One way to deliver this lesson is with a savings jar for giving. A person or issue your children have a strong connection to are good gift recipients. A donation to a local animal shelter from a dog lover or a holiday gift for a best friend are two such examples. Whatever, the case, be sure to point out the positive effects of the child’s giving.

This is also a good opportunity to demonstrate how to accomplish things without money. Ask your children if they would rather volunteer or give a homemade gift instead of making a donation or buying a gift. This helps show both the trade-off between time and money as well as the fact that money isn’t necessary to achieve all goals.

Lesson 6: borrowing money

Even without bringing interest into the equation, teaching your children about borrowing money can be a complex topic. While it’s tempting to avoid the issue by saying that all debt is bad, it’s important for children to understand how responsible borrowing can be an important tool.

Offering your children a loan is a good way to introduce them to borrowing. If they want to purchase a big-ticket item such as a computer or bike, you can offer to loan them half the amount if they come up with the other half. While charging your children interest is not a necessity, it is a strong lesson about how loans operate in real life. It may be far preferable that they experience and understand the concept and cost of interest now rather than stumble blindly into expensive debt later in life.

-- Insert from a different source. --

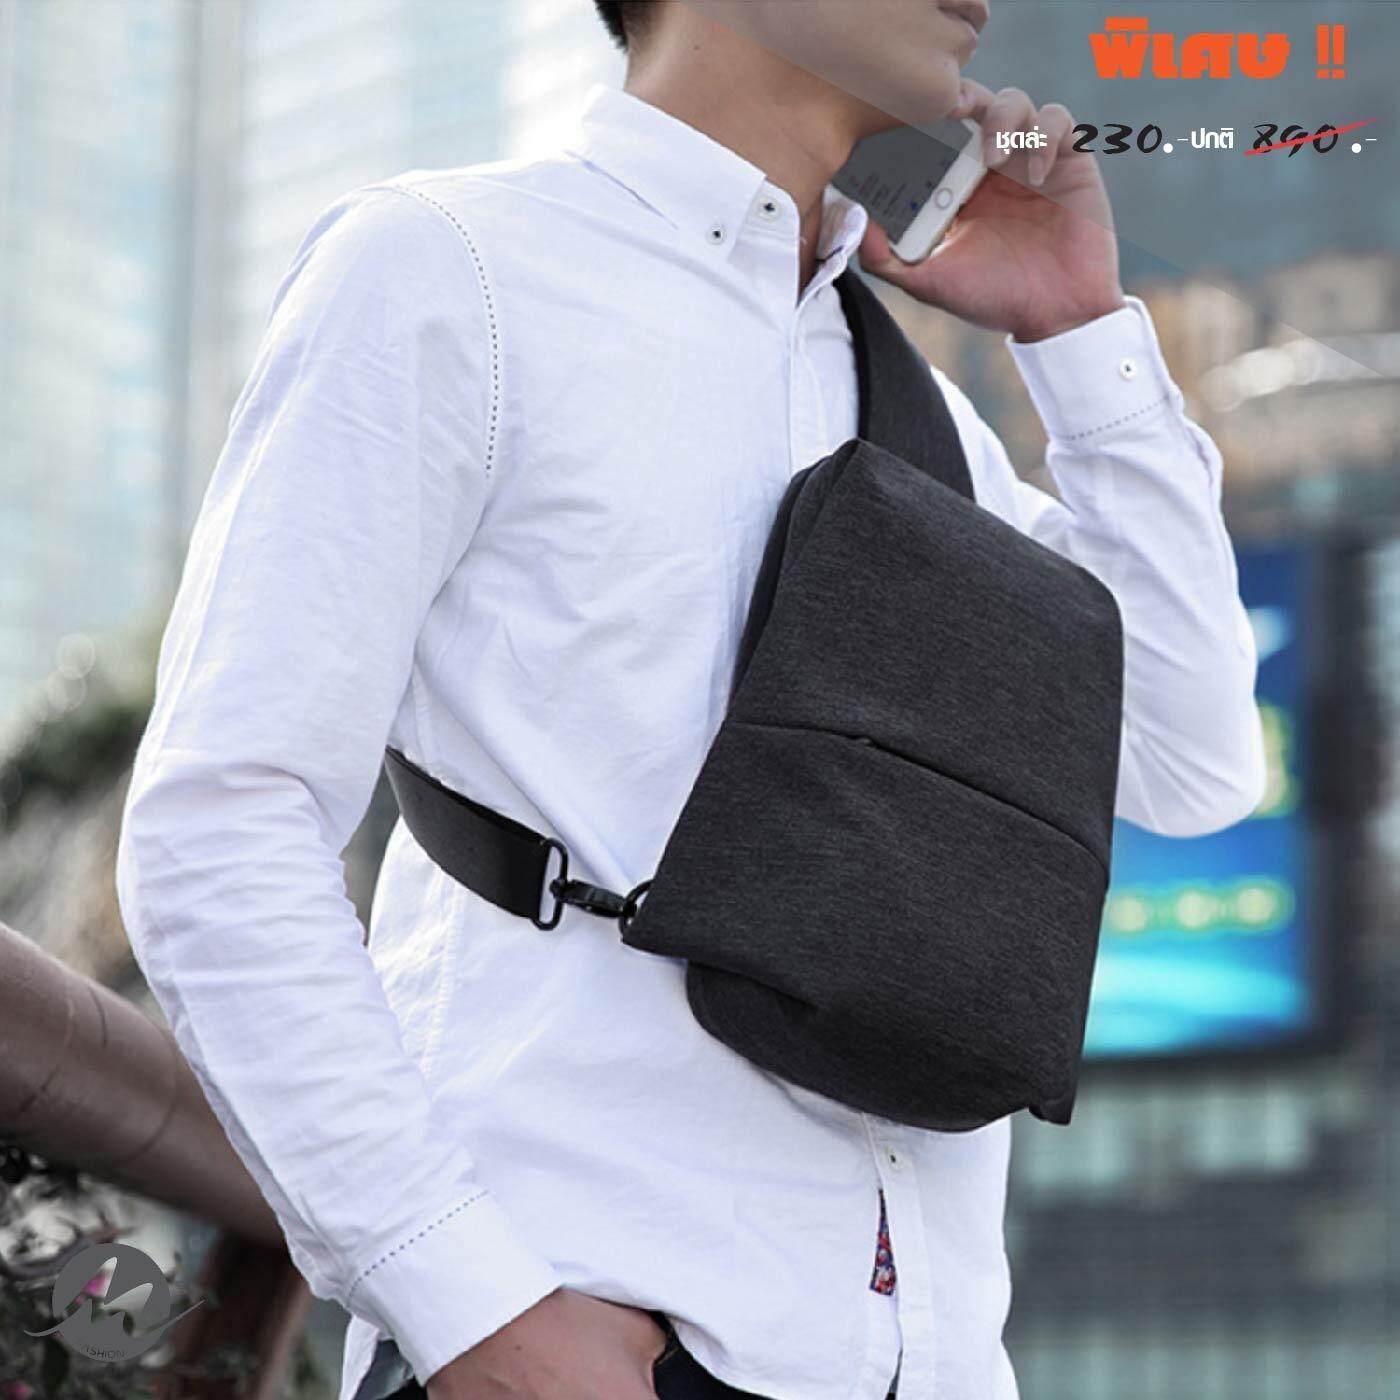 กระเป๋า กระเป๋าผู้ชาย กระเป๋าแฟชั่นผู้ชาย กระเป๋าสะพายข้างลำตัว กระเป๋าคาดอก ขนาด 32X17 5X8 สีดำ เป็นต้นฉบับ

If you’re comfortable with the topic, talk with your children about how you borrow money in your life and how it affects you. Mortgages, car loans and credit cards are all worthy examples. Exact dollar figures are not necessary, but try to show both what borrowing has allowed you to accomplish as well as what responsibilities it requires of you.


Teaching good money skills to your children is no easy task, but it’s an important investment in their future. Money isn’t everything, but by showing your children how to manage it wisely, you can help them harness this important resource throughout their lives.